_Data segment:_
=-=-=

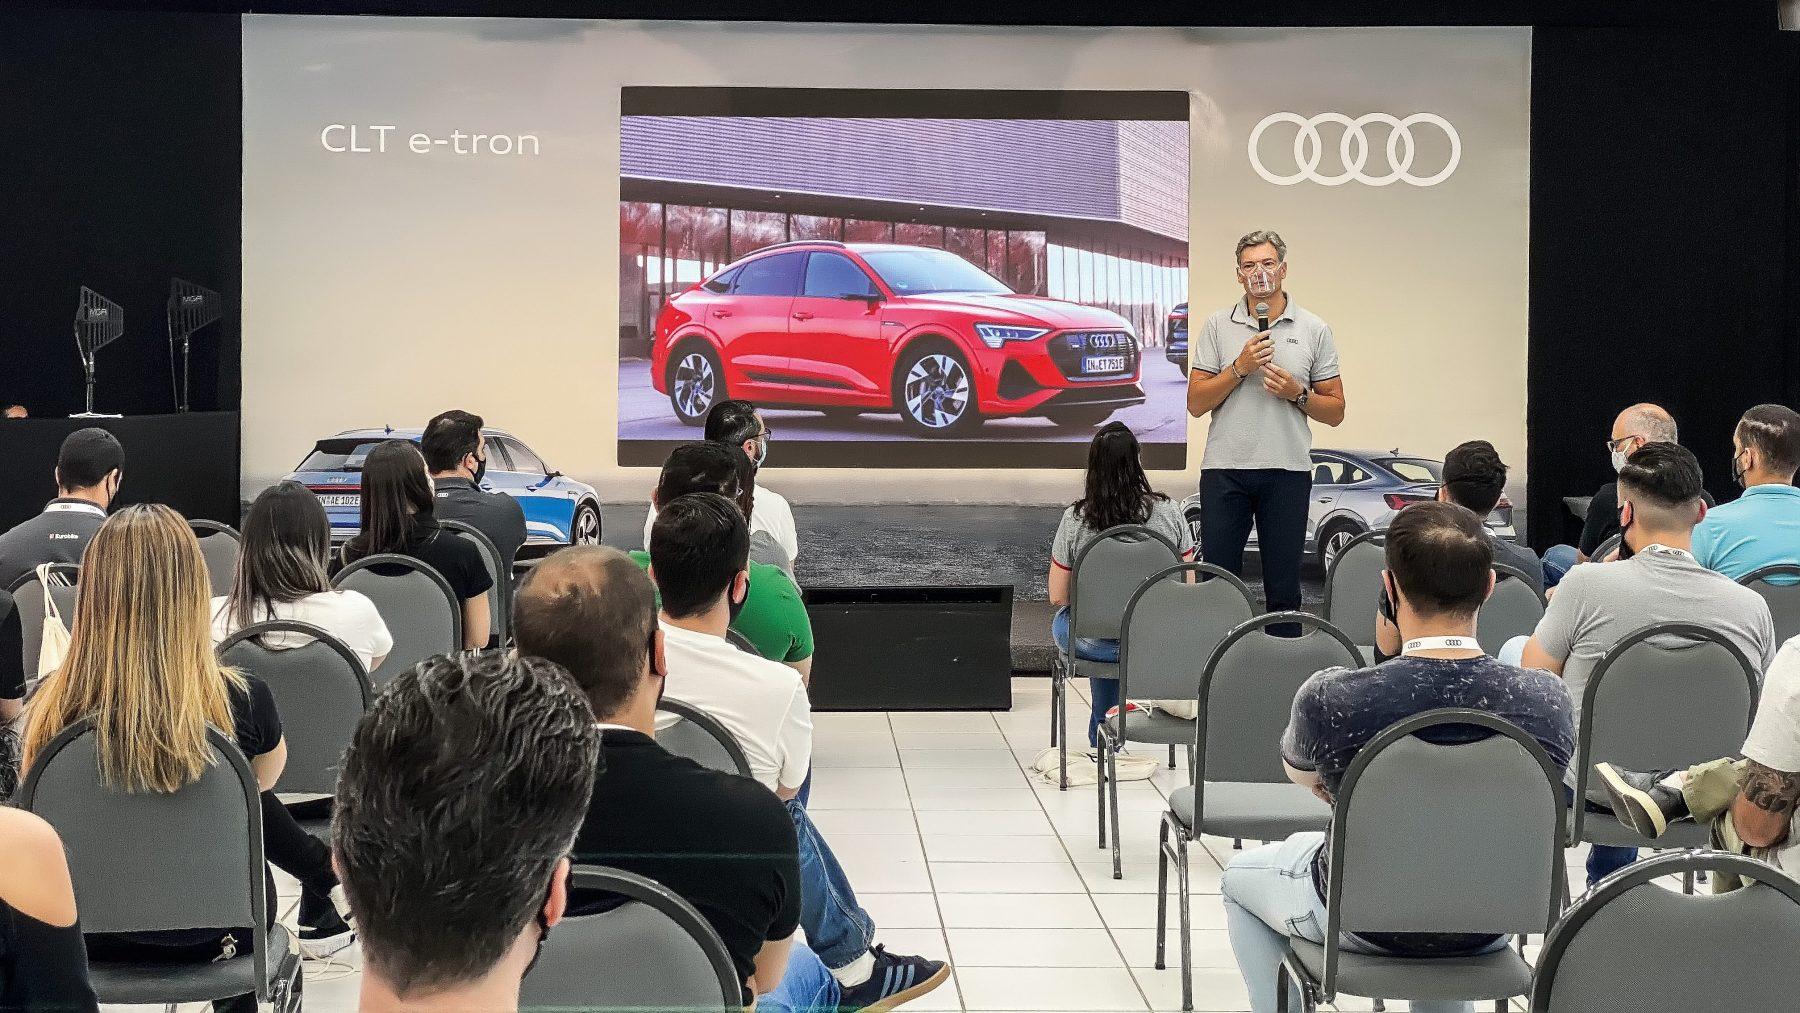 O presidente da Audi, Johannes Roscheck, deu as boas-vindas aos convidados.
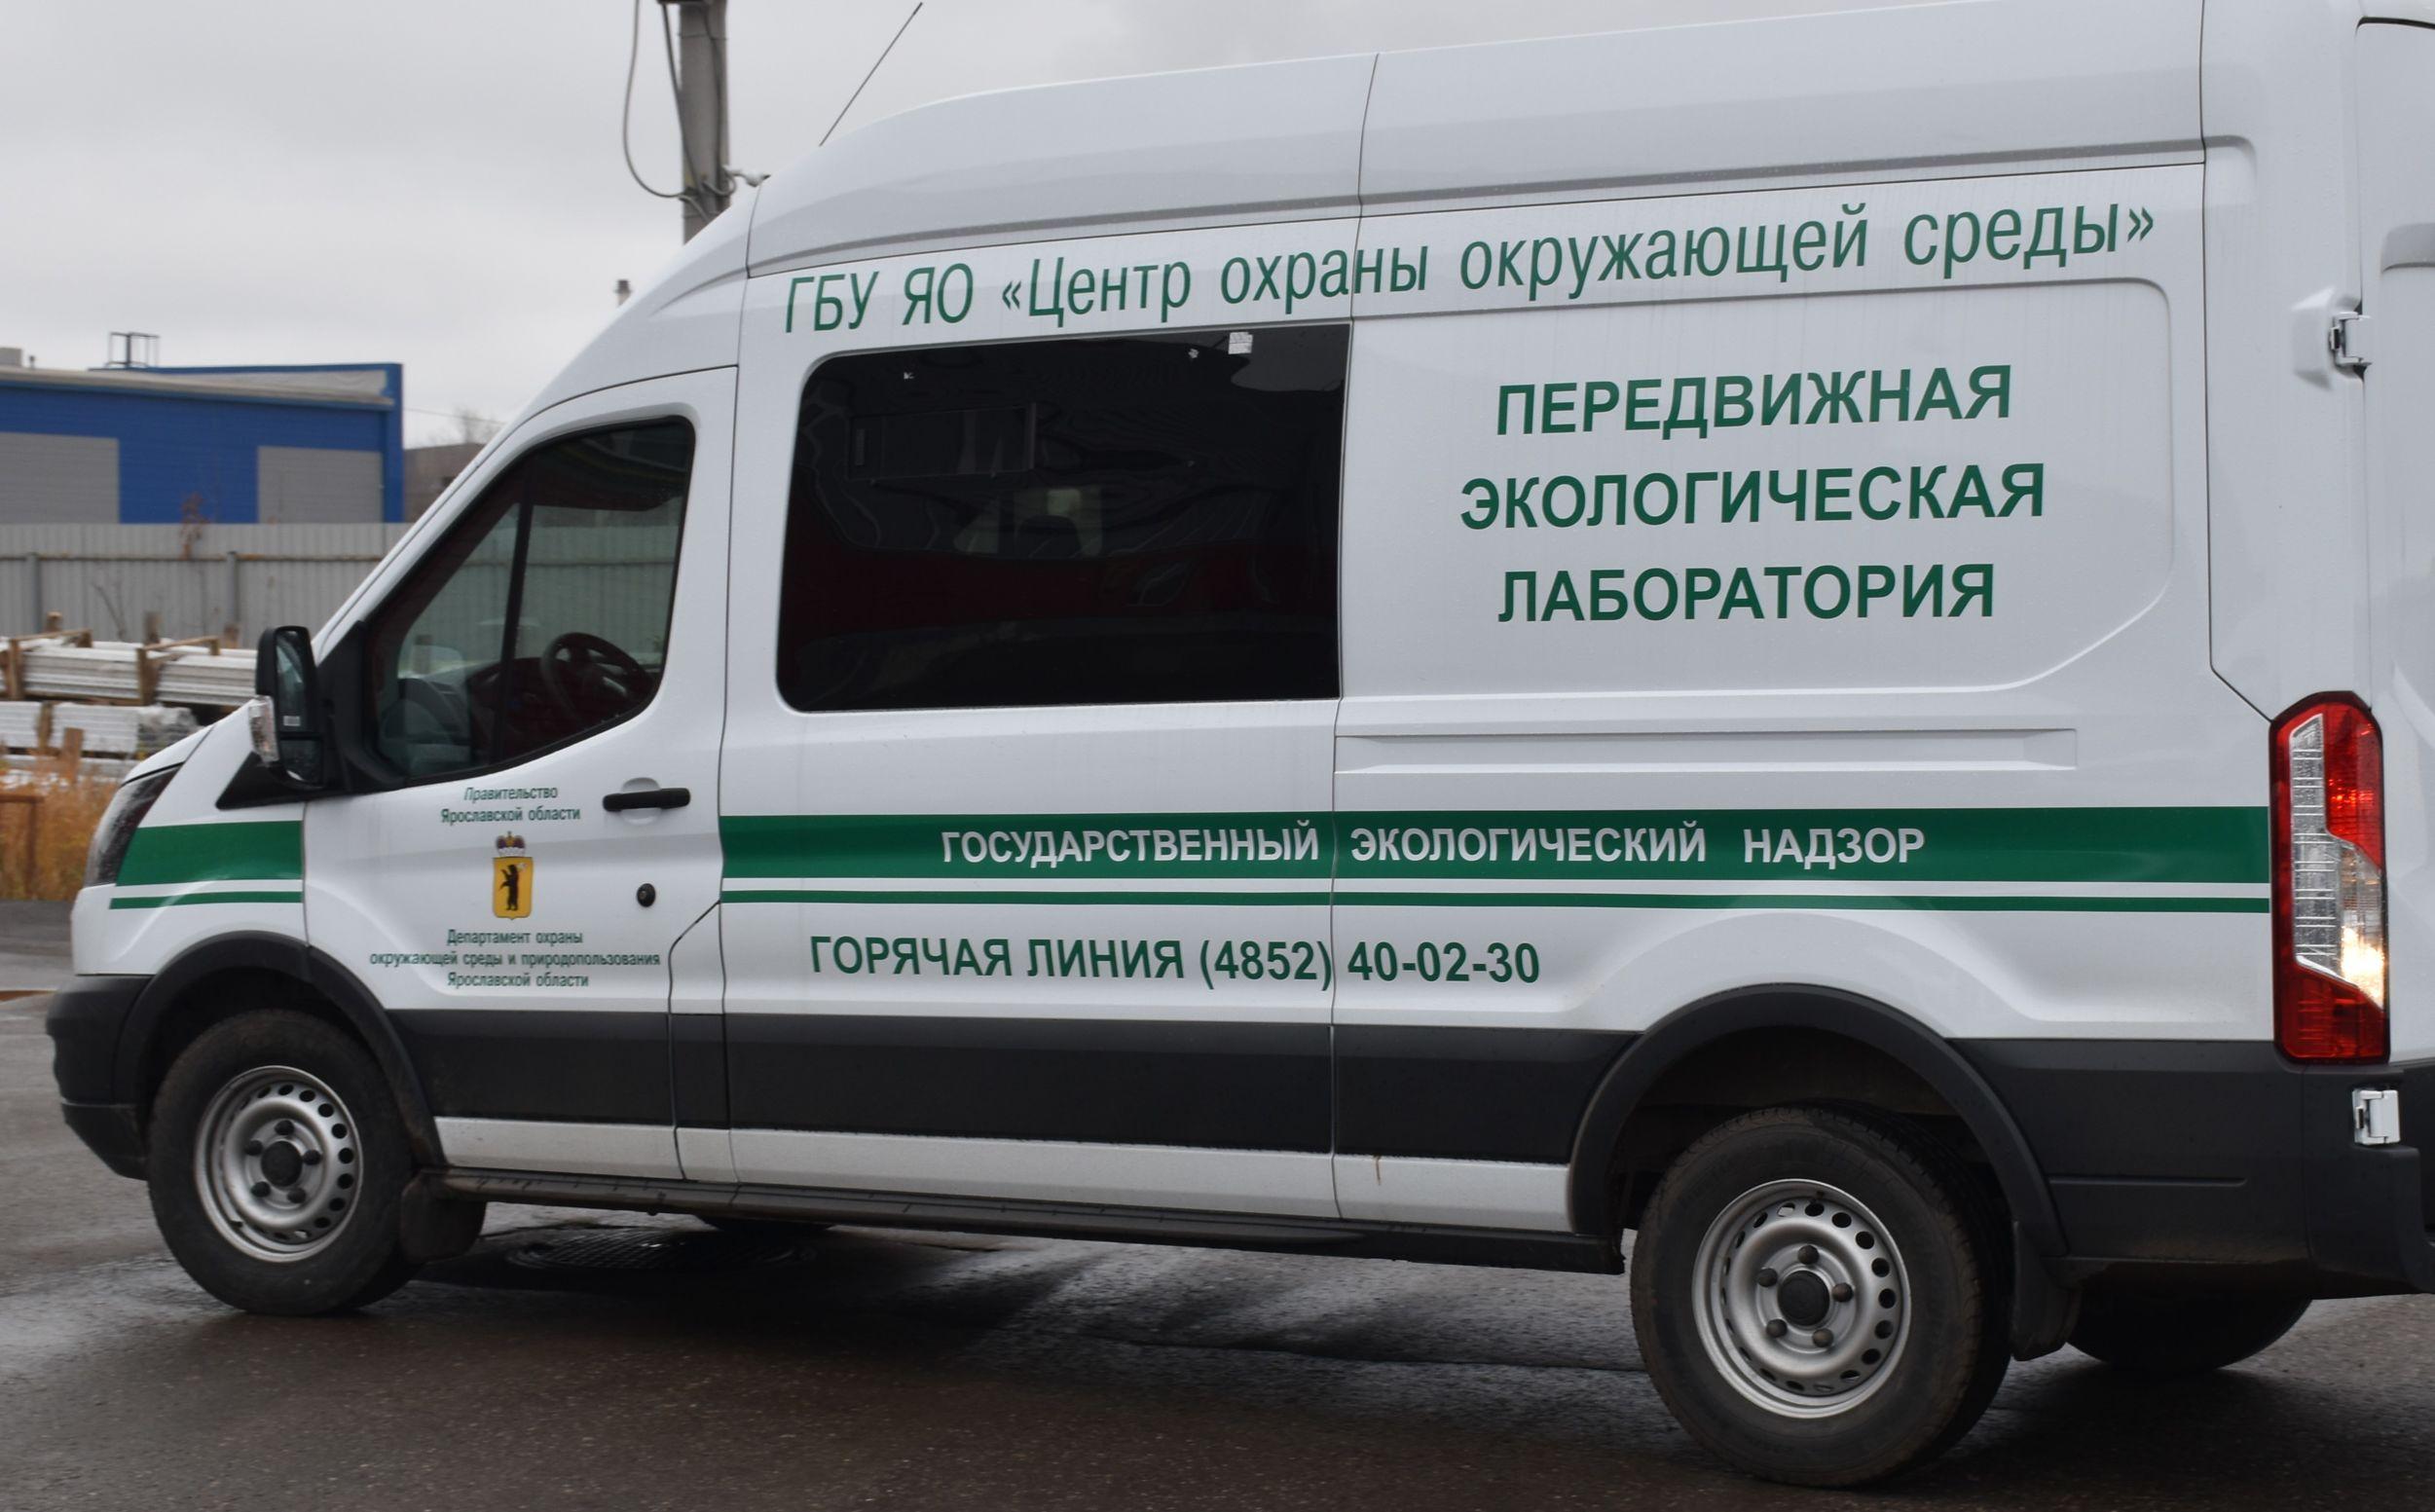 Под Ярославлем проводят проверку по факту выбросов черного дыма от асфальтобетонного завода
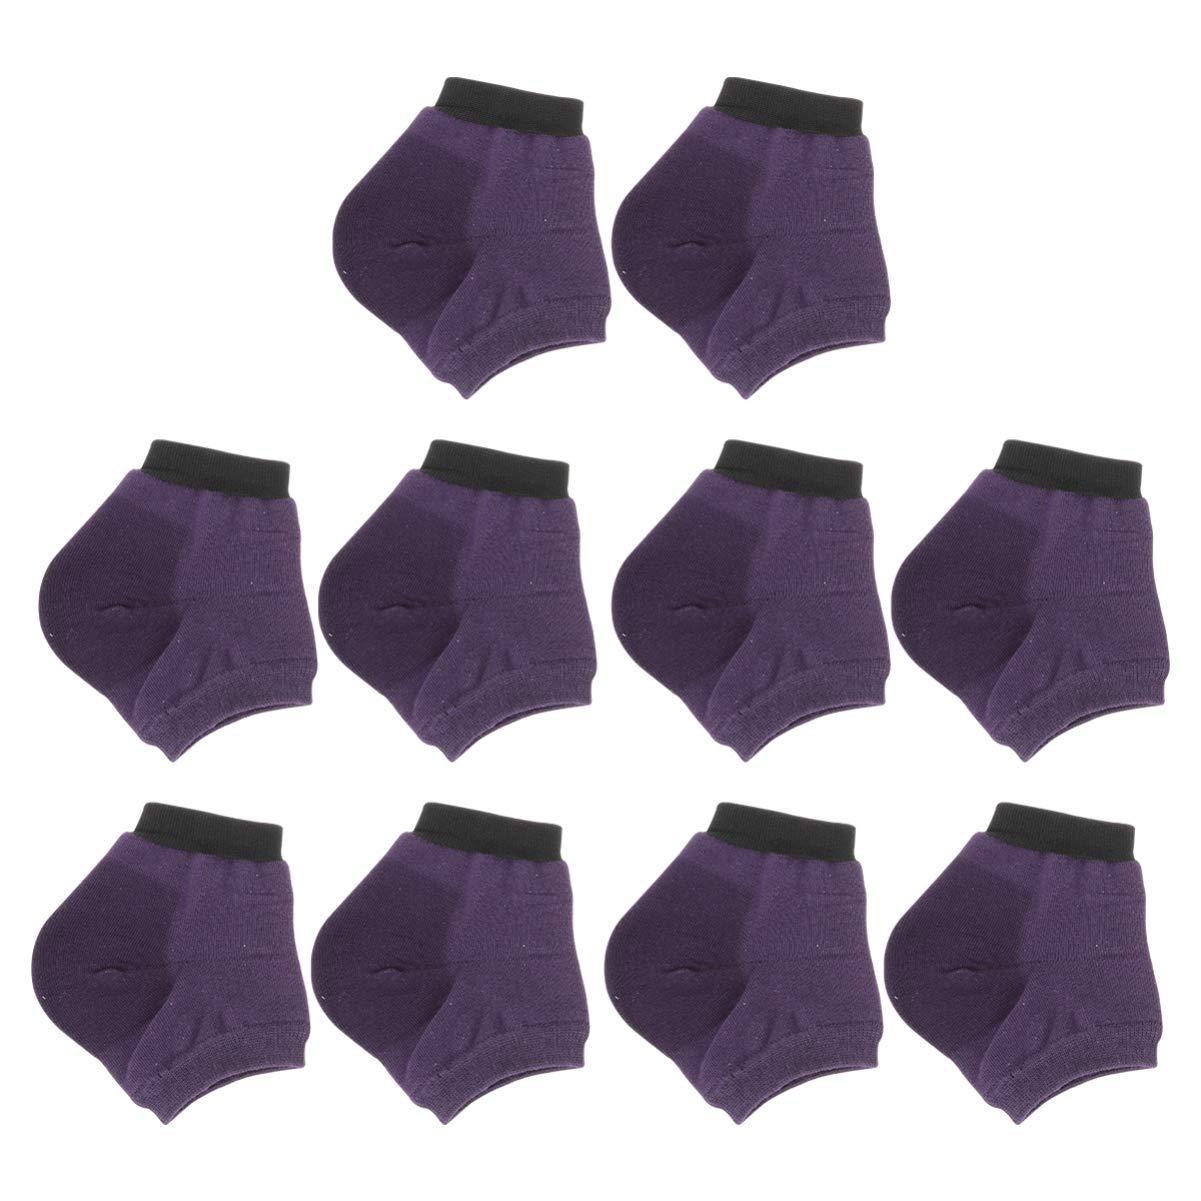 EXCEART 5 Pairs Heel Moisturizing Socks Open Toe Socks Cracked Gel Heel Socks for Dry Hard Cracked Heels Ventilate Gel Spa Soften Repair Feet Socks
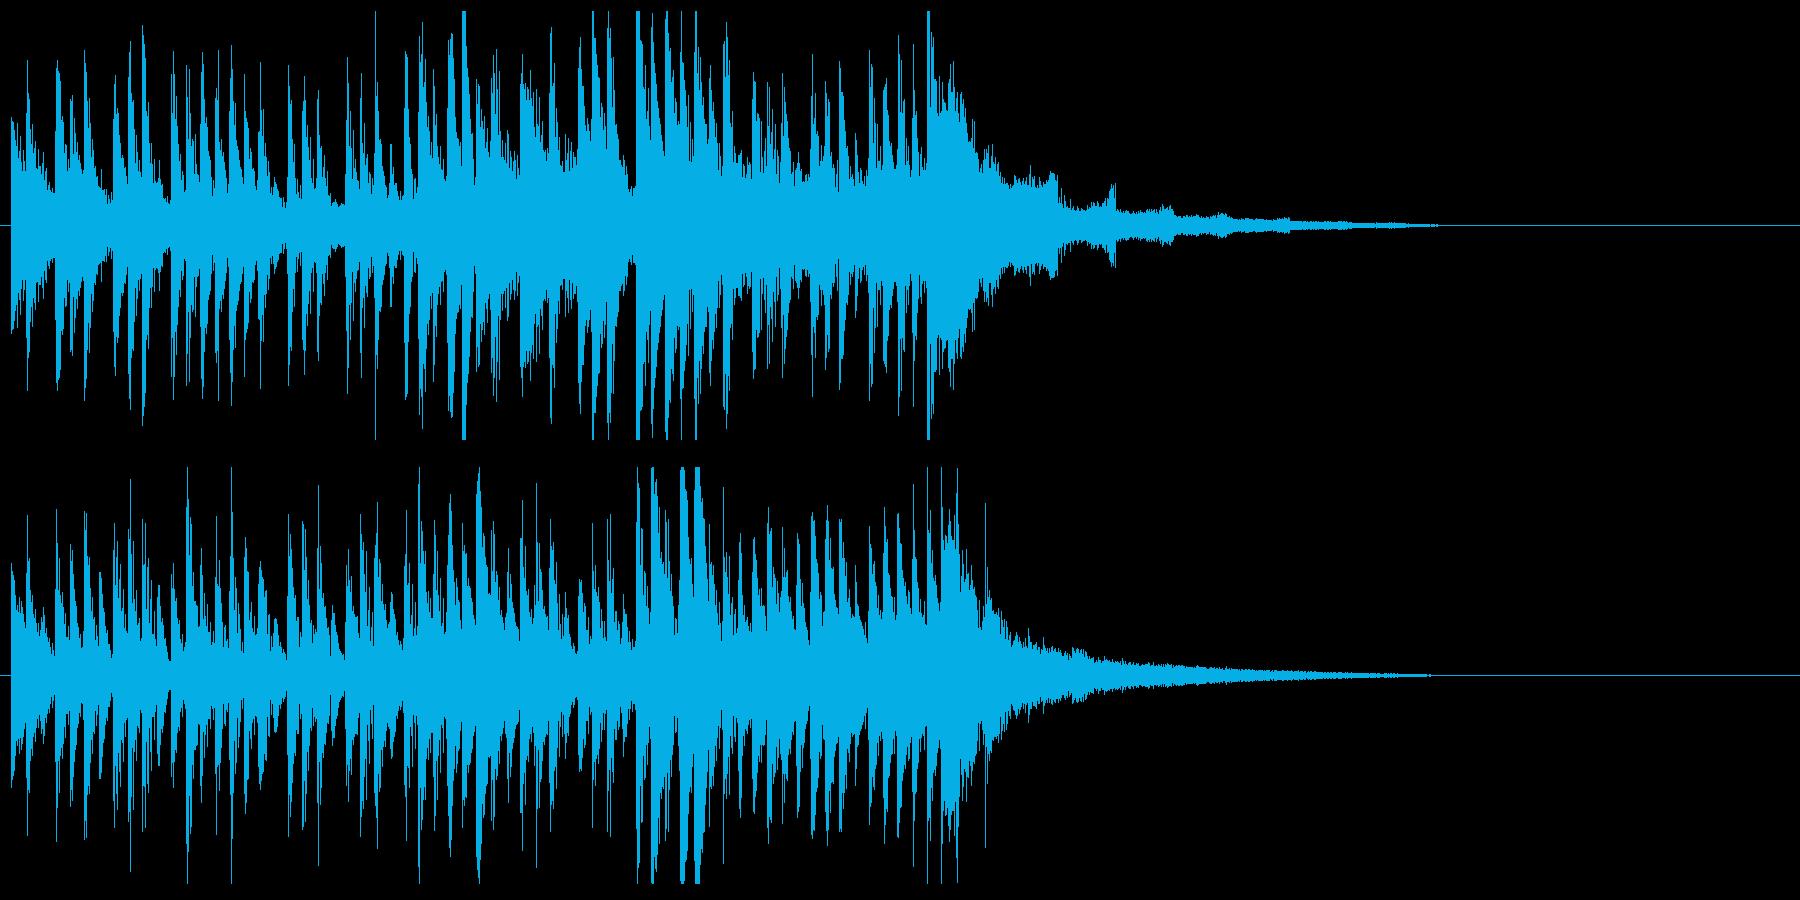 困難なミッションに挑むイメージ(15秒)の再生済みの波形

=-=-=

_Problem description:_
Reproduce the listing verbatim, pictures excluded.

_Expected answer:_
 O presidente da Audi, Johannes Roscheck, deu as boas-vindas aos convidados.
 Под Ярославлем проводят проверку по факту выбросов черного дыма от асфальтобетонного завода
 EXCEART 5 Pairs Heel Moisturizing Socks Open Toe Socks Cracked Gel Heel Socks for Dry Hard Cracked Heels Ventilate Gel Spa Soften Repair Feet Socks
 困難なミッションに挑むイメージ(15秒)の再生済みの波形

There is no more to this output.